Tonight my tears were about friendships lost. And loves lost. The relationship between the Duke, then King, and his wife was something I wish I had in my life. Maybe I once had it, I'm not quite sure, but I most definitely do not have it now.


Sunday, February 20, 2011

It Doesn't Get Better

Wish I could do that. Anyone with a child who has been playing sports for a decade or more knows the feeling. A 16-year-old in top physical condition is capable of a level of play that has long since departed the realm of possibility for the rest of us, if indeed we ever could have done so.

Half an hour before game time he was so sick with stomach flu, throwing up, I wondered if it was worth dragging him out to a scrimmage in the always cold and windy Crocker-Amazon field not far from his high school campus. But he insisted so off we went.

As I patrolled the sidelines with other soccer moms, I once again realized that he is often at his best when overcoming some kind of injury or illness. I don't fully get why this is true but maybe it forces him to play with more intensity than usual, although I'm not sure that intensity is ever an issue for him.

It was easy to see he was enjoying himself, though, while guarding an opposing striker who was taller and bulkier than he is; they were well-matched. But I also could see the other kid getting frustrated as Aidan stripped him of the ball repeatedly and knocked him off the ball once or twice as well.

When they both jumped as high as they could on a corner kick scoring opportunity, the opposing kid tried to elbow him in the face. As he dodged the blow, I could read Aidan's lips from the sideline: "You don't want to do that again."

In any event the striker never got a shot off in what turned into an exciting soccer game, even though the outcome was meaningless. Oh yeah, that striker was sent to the ground twice after the elbow incident. In the second half, his coach replaced him with another forward.


It's tricky in this economy and in my present state of virtual non-employment to figure out how I'll do it, but I've gotta find the money to pay for his trip to Sweden this summer to play in the Gothia Cup, a tournament that draws teams from all over the world. I will find that way.


He was too sick at halftime to go back into the game, dizzy and weak. He took himself out of the lineup, which his coach never does, so I knew he was indeed quite sick. We spent the rest of the day together, as I got him lunch, let him sleep, and we relaxed together in my apartment.

Talking to his mother today, I articulated something that has been on my mind a lot lately. Despite what most people would consider my impressive career as a journalist, educator, and writer, none of that crosses my mind except for occasionally.

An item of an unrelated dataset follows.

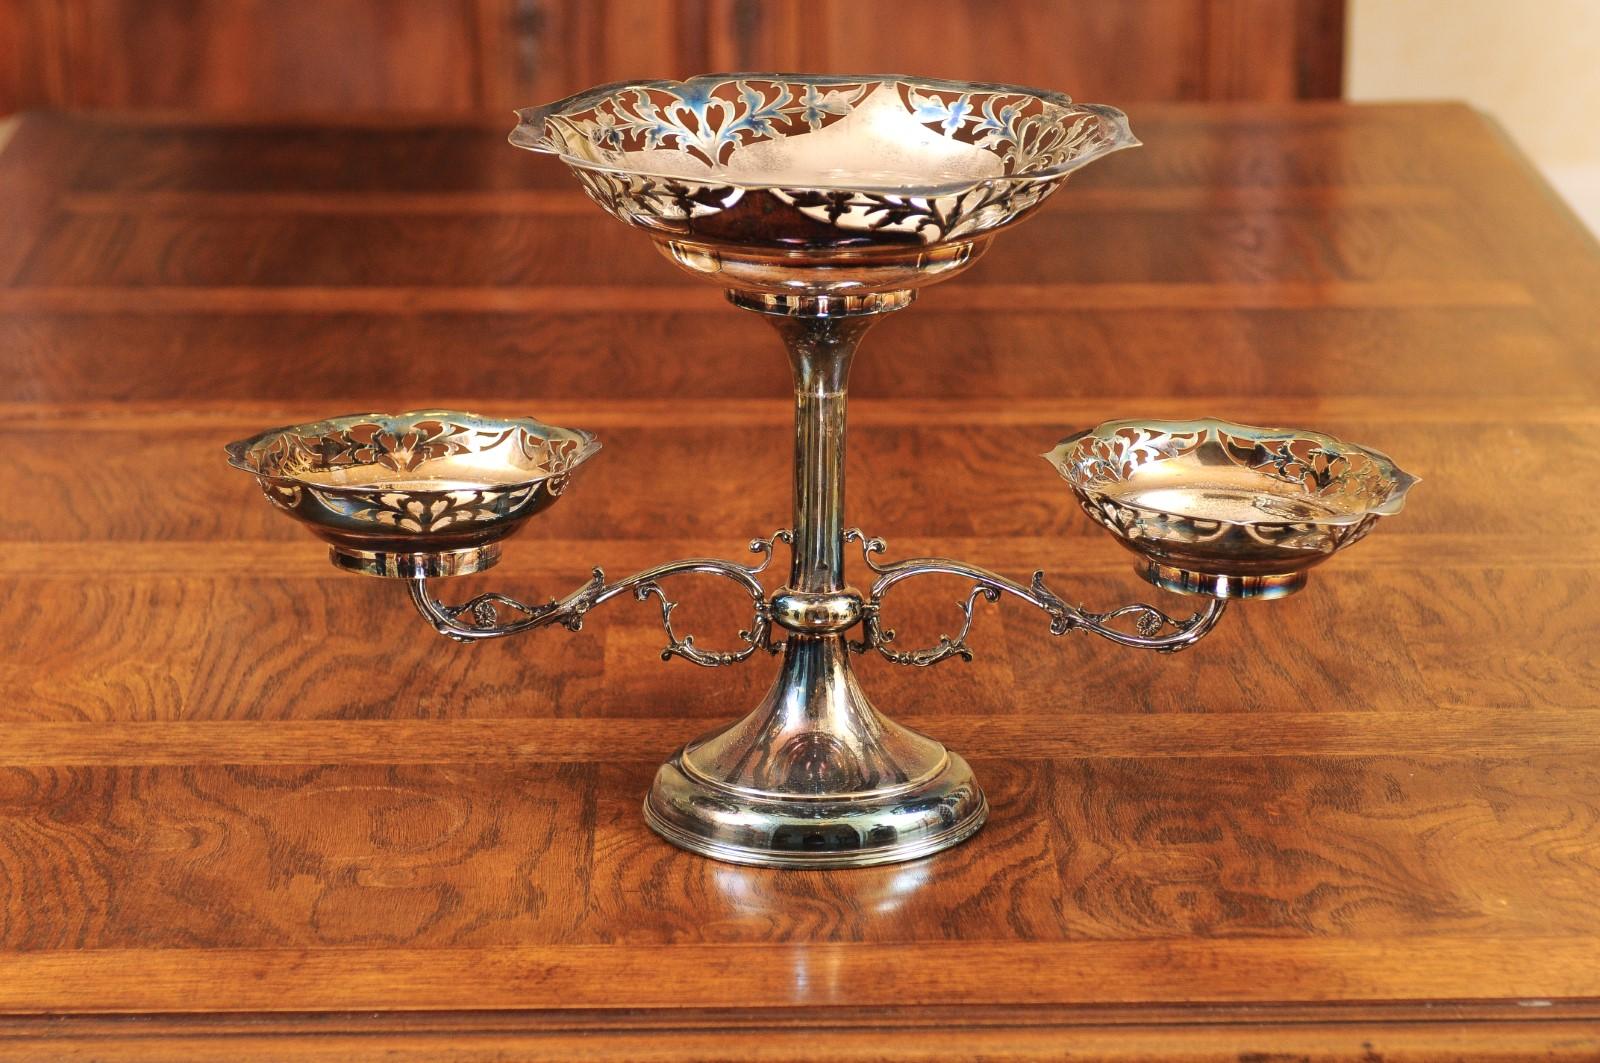 French 19th Century Silver Epergne with Pierced Foliage and Scrolling Motifs For Sale 5

No, it is as a parent that I feel I am doing my best work. It's what I care most about. It's why today was a good day. If I get the relative luxury of a sentient moment on a deathbed at my end point, I know I'll never regret choosing my kids over my career, even with all the difficulty that has caused us at times.

Whether they're sick or well, whether it's homework or sports, whether I'm driving them somewhere or we're hanging out at home, I'm most happy just being a Dad. It actually doesn't get any better than that.